Again, compare that to a “name tags and hair net” job, and you’ll see the difference that Lum is talking about.

This is nothing against the people working those jobs, but you’ll probably never let go one of them just to see them the year after on a trade show spearheading a competing product like it happened to me. You’d curse your employer of being so shortsighted of ever firing him in the first place, just because he had no project assignment at the time.

I can choose my employer as much as he can choose to hire me, and keeping a cool head in an economic downturn is certainly something that I look for if he wants me to work for him.

Geoffrey said...

Gevlon, assuming employers are rational and prefer to pay someone the least they can get away with, what you said is untrue. It is not just your employer that values your labor at $100 per hour, but competing employers must value it somewhere in that range as well. That is what the market bears for that type of work, so therefore that is why you are paid that.

And yes, Anya, I am making a judgment on the way other people may play WoW. I think some activities can be judged to be boring based on their monotony and lack of reasonable reward compared to other activities.
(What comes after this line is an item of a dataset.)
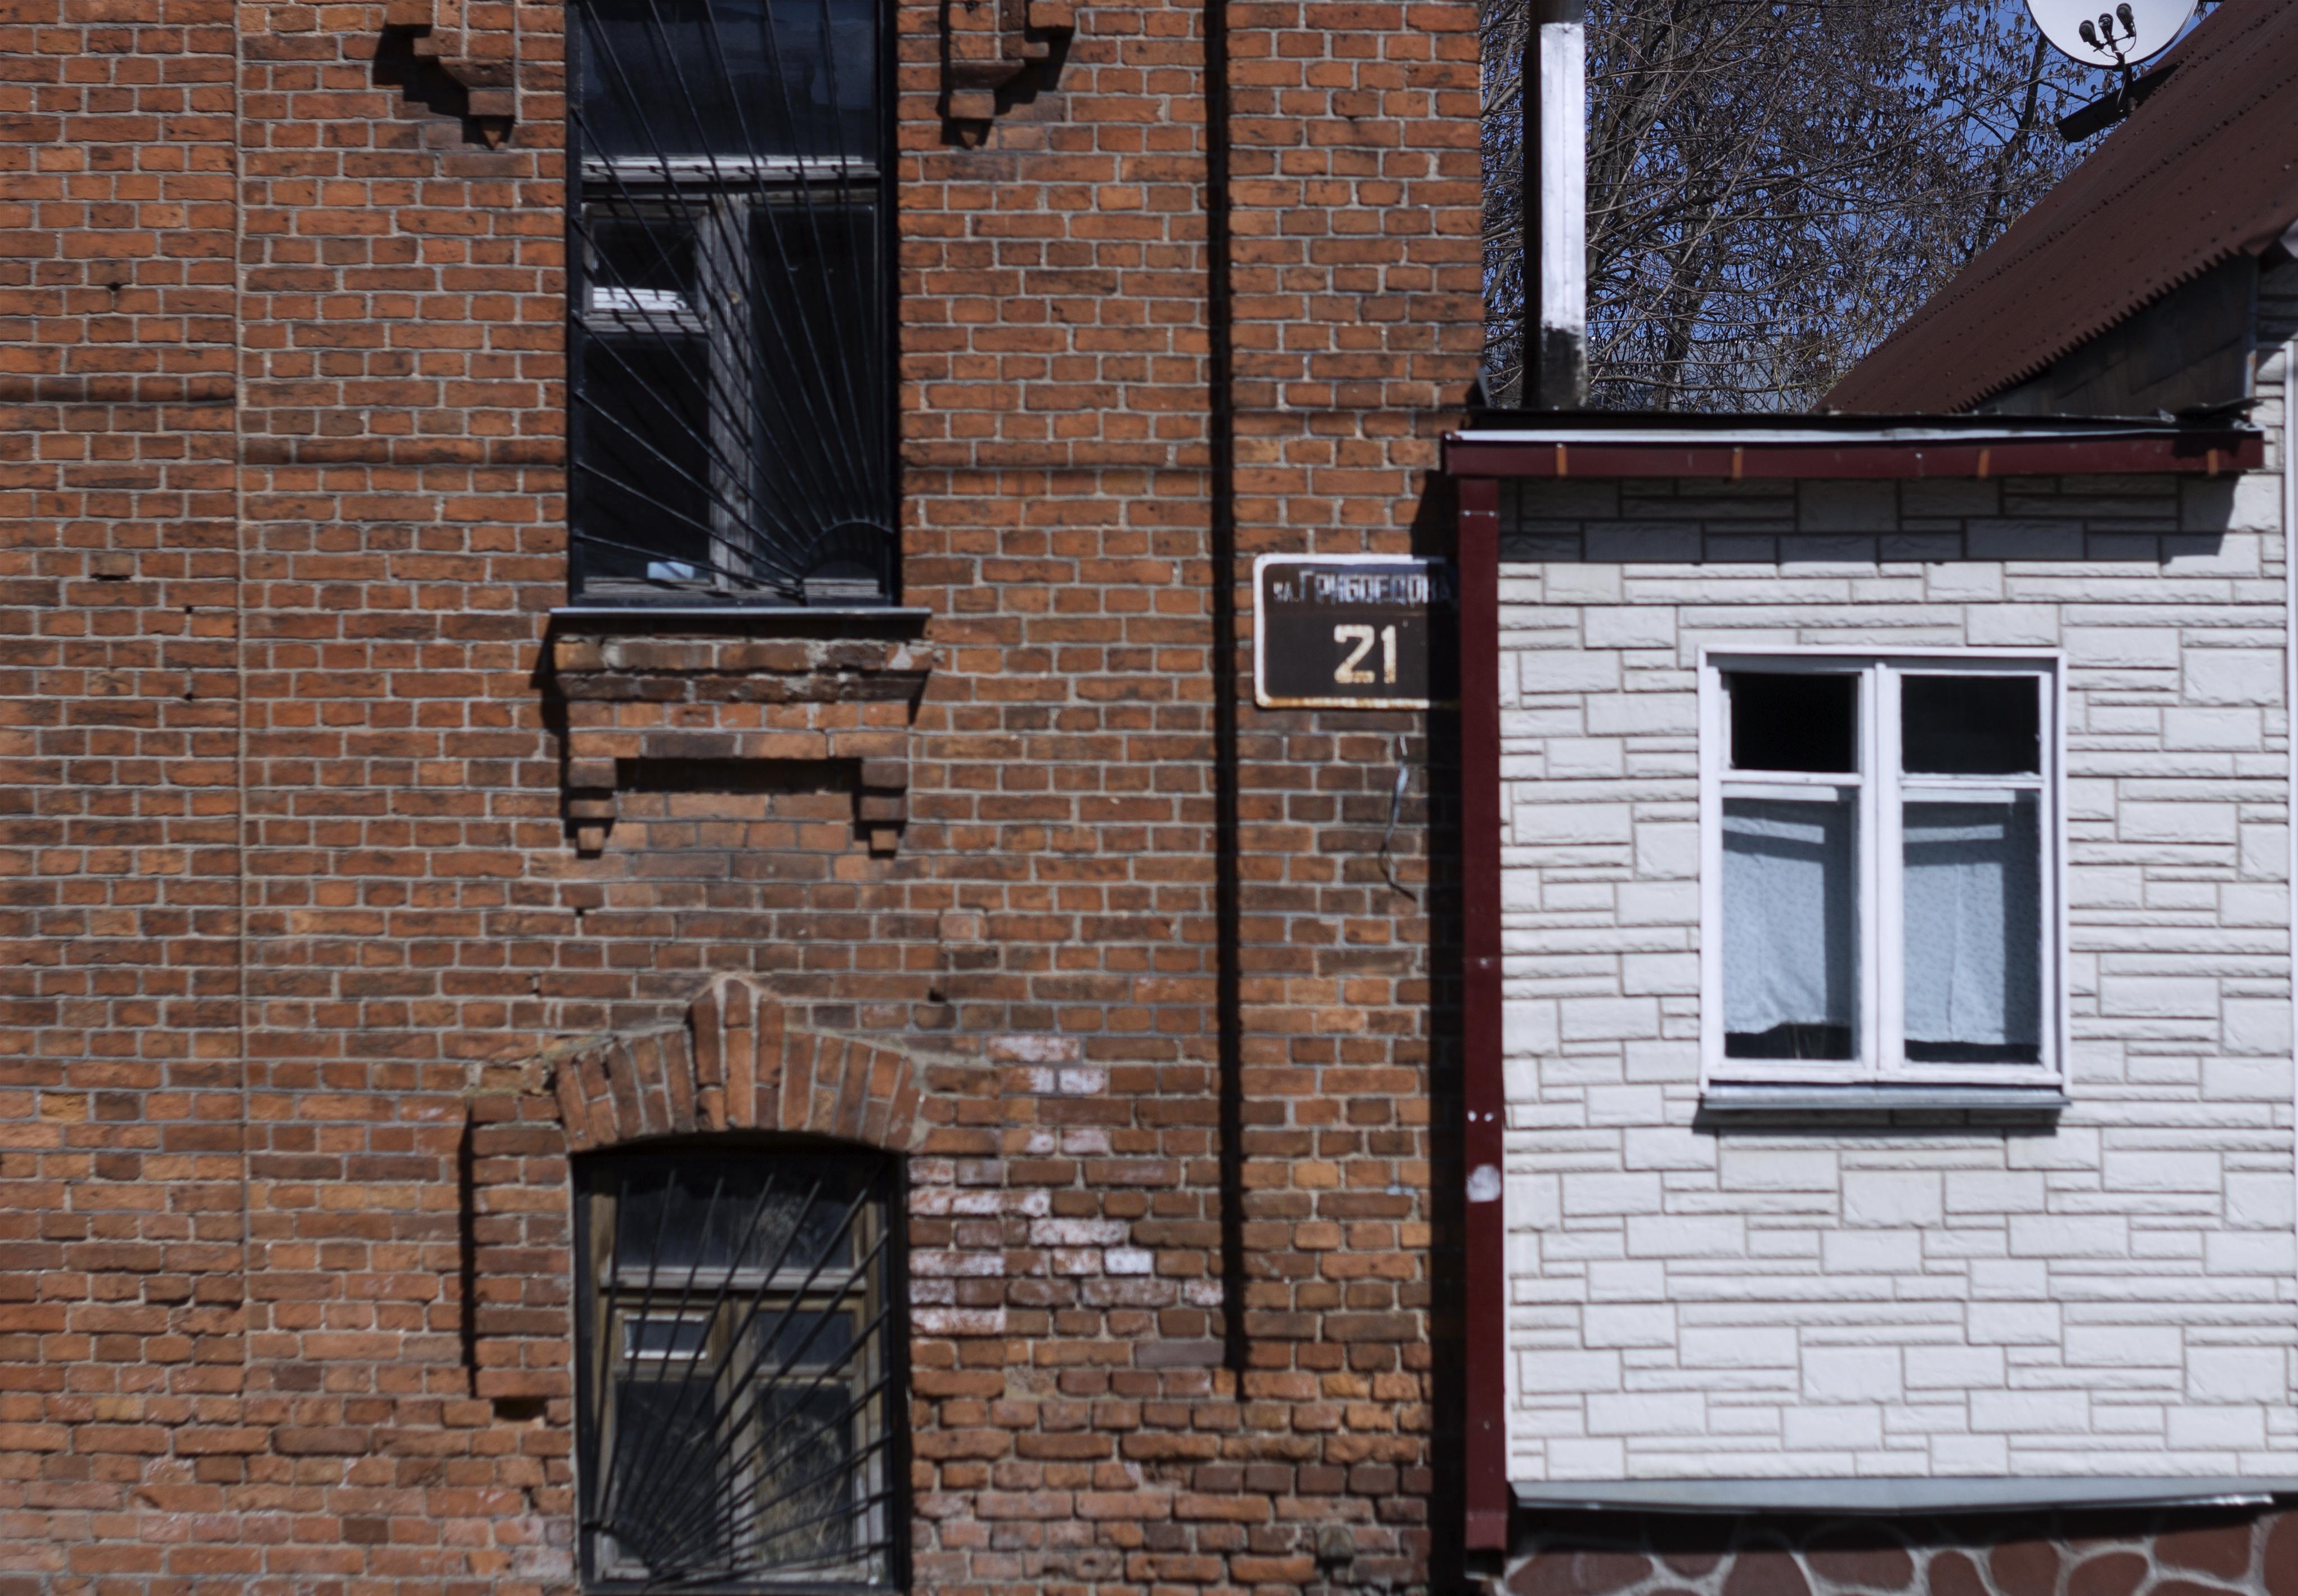 古い ビテブスク 窓 赤 レンガ シャガール ヨーロッパ レンガ造り プロパティ 家 壁 建物 ファサード 自宅 ご

And if someone is insisting on doing a highly monotonous activity for little reward, in their "spare game time", a certain conclusion can be drawn from that, and I am drawing it. Based on my knowledge that you are a human being living in a human society, I am generally familiar with opportunities you may have in this human world. And mining vendor trash in WoW is a really really poor allocation of your resources. If you think that is fun, you should re-evaluate your definition of fun.

zwinglisblog said...

Just thinking a little bit...possibly a very little bit. You be the judge.

I believe there are some noble jobs out there. I believe that the people doing them either retract or enhance the "nobleness" of the job. I understand this is strictly my opinion. For me, people with jobs of service tend to stand out. People that work in the Emergency Response domain, Medical Care, Education, etc. These people hold a very high place in my mind. The Janitor at the local school places higher than the Janitor at the professional sport complex down the way.

I know, its crazy. ;)

Pangoria Fallstar said...
This comment has been removed by the author.
Pangoria Fallstar said...

"Based on my knowledge that you are a human being living in a human society, I am generally familiar with opportunities you may have in this human world."

My son's asleep, I'm waiting in LFG for PuG heroic. I go mine what someone else doesn't and make 80g an hour from vendor trash, while spamming LFG channel. I'm sitting here doing my hobby.

All hobbies are a "waste of time". But we enjoy doing it, ie FUN. Is the vendor trash mining really fun? No. But the gold I make by being lazy while saying stupid things in LFG, "Pimp Healer lfg HC, you deal, I heal, he peels".

You,Geoffry, cannot tell me what I find to be fun. You may not find it fun and have your opinion about it, but you can't tell me that I don't find it fun.

And you come into here, saying you used to play WoW. Now you do something better with your life because it was less ass-kickery, and more grinding right? Good for you. People here are still enjoying this hobby. We really couldn't care less about you thinking you are better now that you don't play. Fact is, whatever you are doing now as a passtime is just as much a waste of time as playing wow.